Single point works for me when doing still objects and landscape......the other I belive will move with the subject.....


----------



## rmstudios (Oct 24, 2011)

Thank you Greg


----------



## rmstudios (Oct 24, 2011)

rgregory1965 said:
			
		

> Shoot WB auto and RAW the you can change it in post process to the way you thing it should be.
> 
> Single point works for me when doing still objects and landscape......the other I belive will move with the subject.....



Greg but even after post process I think WB is off limit.  Or maybe it is my fancy ?


----------



## MTVision (Oct 24, 2011)

rmstudios said:
			
		

> Greg but even after post process I think WB is off limit.  Or maybe it is my fancy ?



If you edit in photoshop or lightroom you can adjust the WB to anything you want - auto, daylight, tungsten, shade, flash, cloudy, fluorescent...you can fine tune them as well and create a custom
White balance.


----------



## MTVision (Oct 24, 2011)

I use single area focus point all the time. I shoot landscapes, still life, and portraits. Mainly portraits of my wild 2yr old. 

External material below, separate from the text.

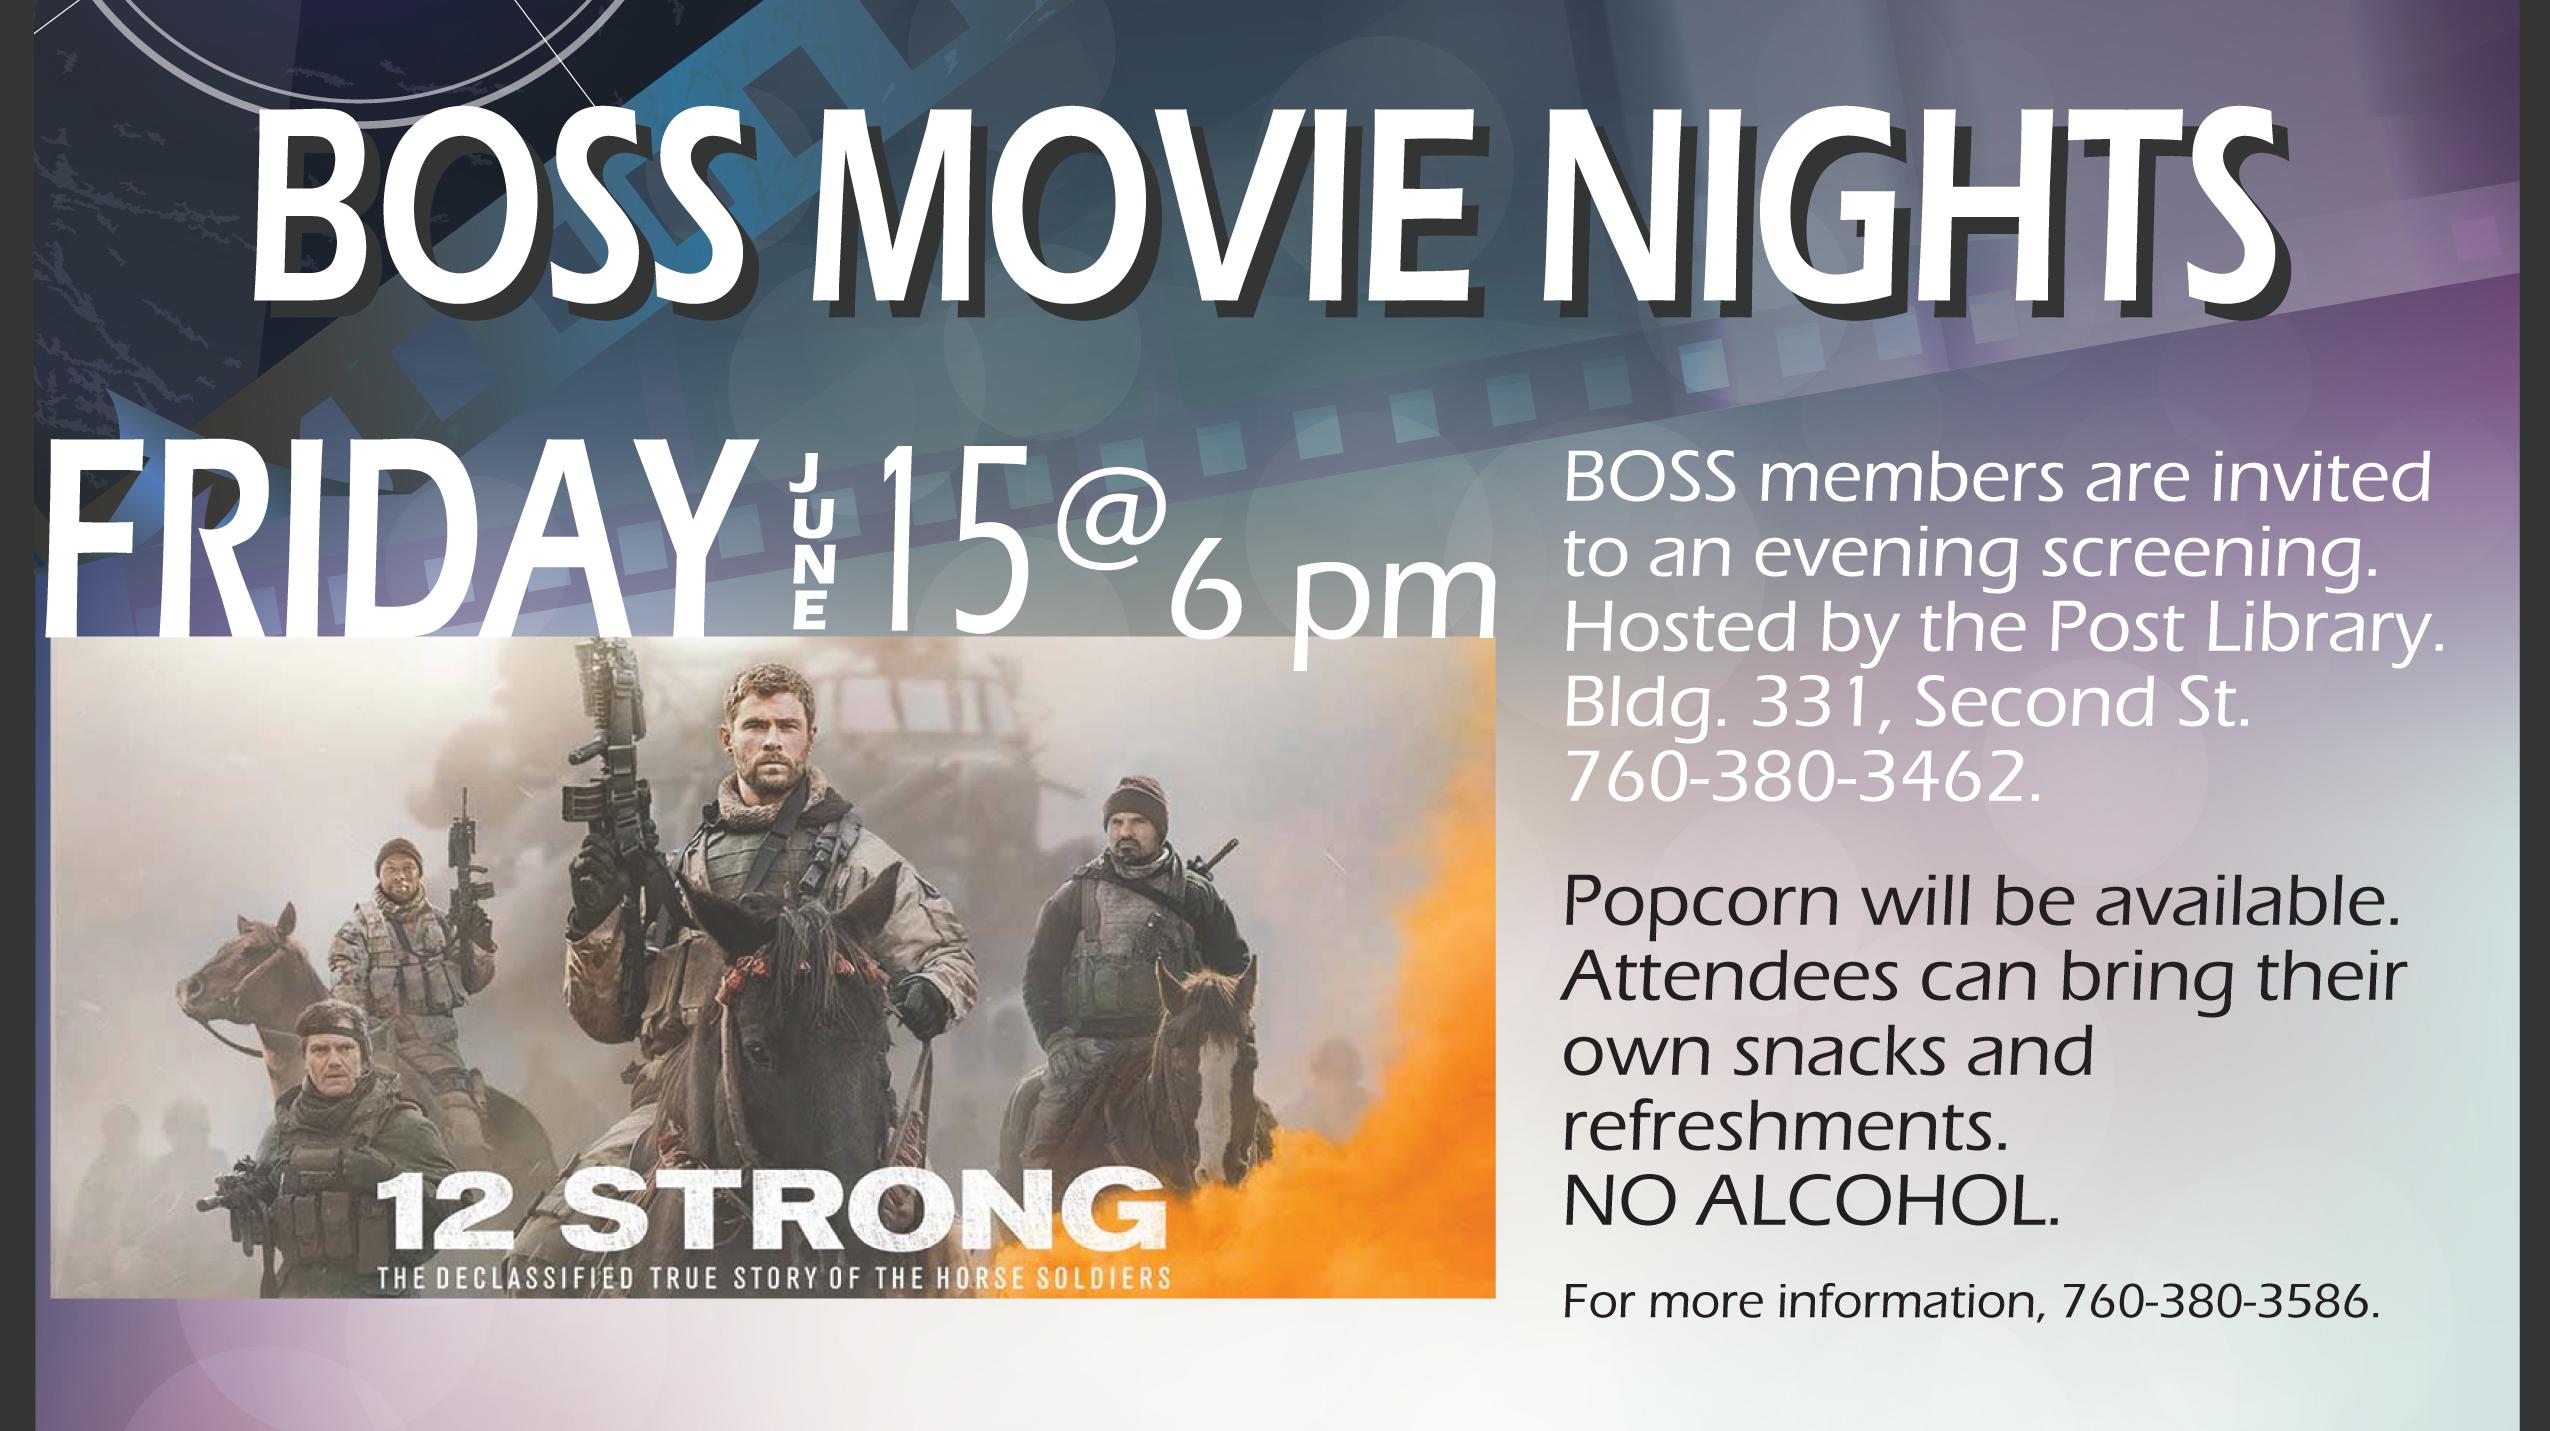 BOSS Movie Nights - 12 Strong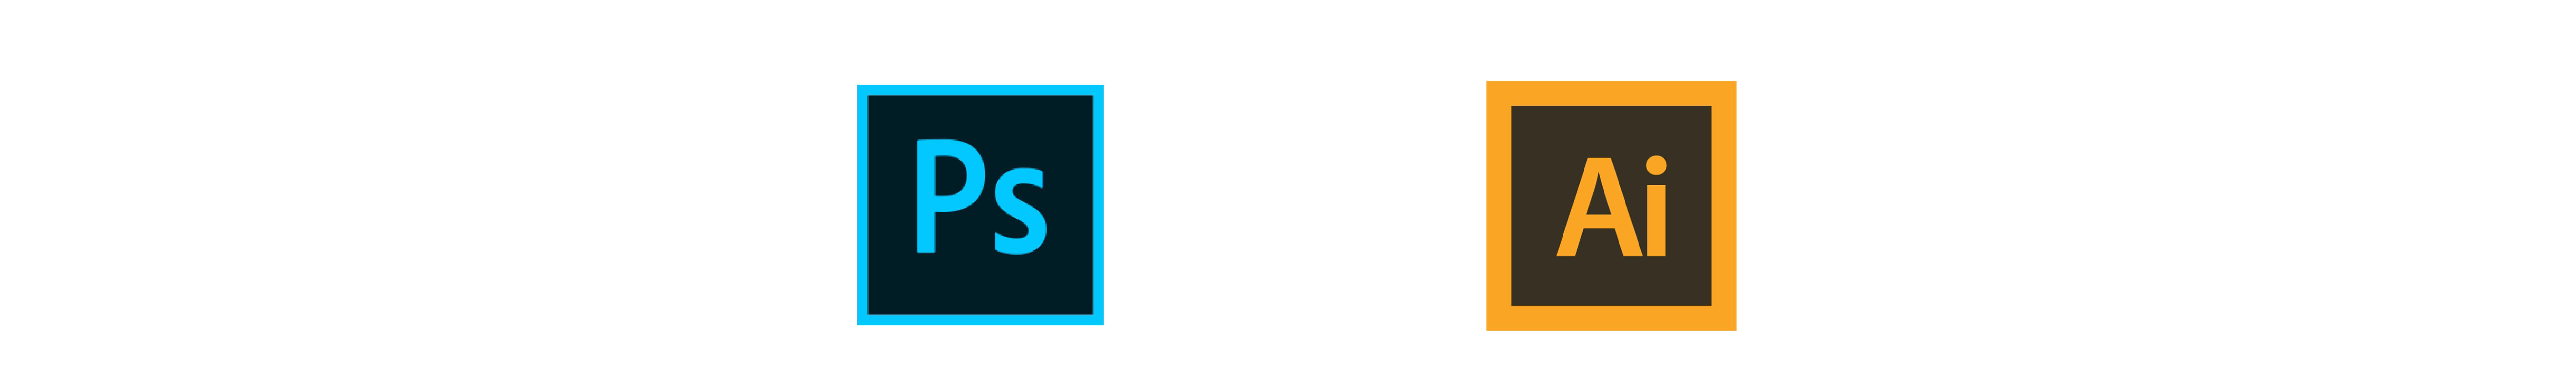 Logo de Photoshop e Illustrator

I would recommend playing with all the settings to see what works best for you. I use Auto WB but in the beginning I would change it based on the light then fine tune or change it in post. Have you played with all the WB settings?


----------



## KmH (Oct 24, 2011)

Look closely at page 117 of your D7000 user's manual at the different light color temperatures for each type of light.

If a scene has more than 1 type of light source you can only white balance accurately for one of them, and only partially for all of them. Having more than 1 light source type in a scene is called 'mixed lighting'. Even in a Raw editor, adjusting the white balance accurately for mixed lighting is a bitcvh.

When a pro has to use flash in a room lit by flourescent lights (or other type of light), they put a gel on the flash unit to make the light from the flash the same color temperature as the flourescent (or other type of light), lighting in the room.

If you are not using flash in a mixed light situation, there is not a whole lot you can do.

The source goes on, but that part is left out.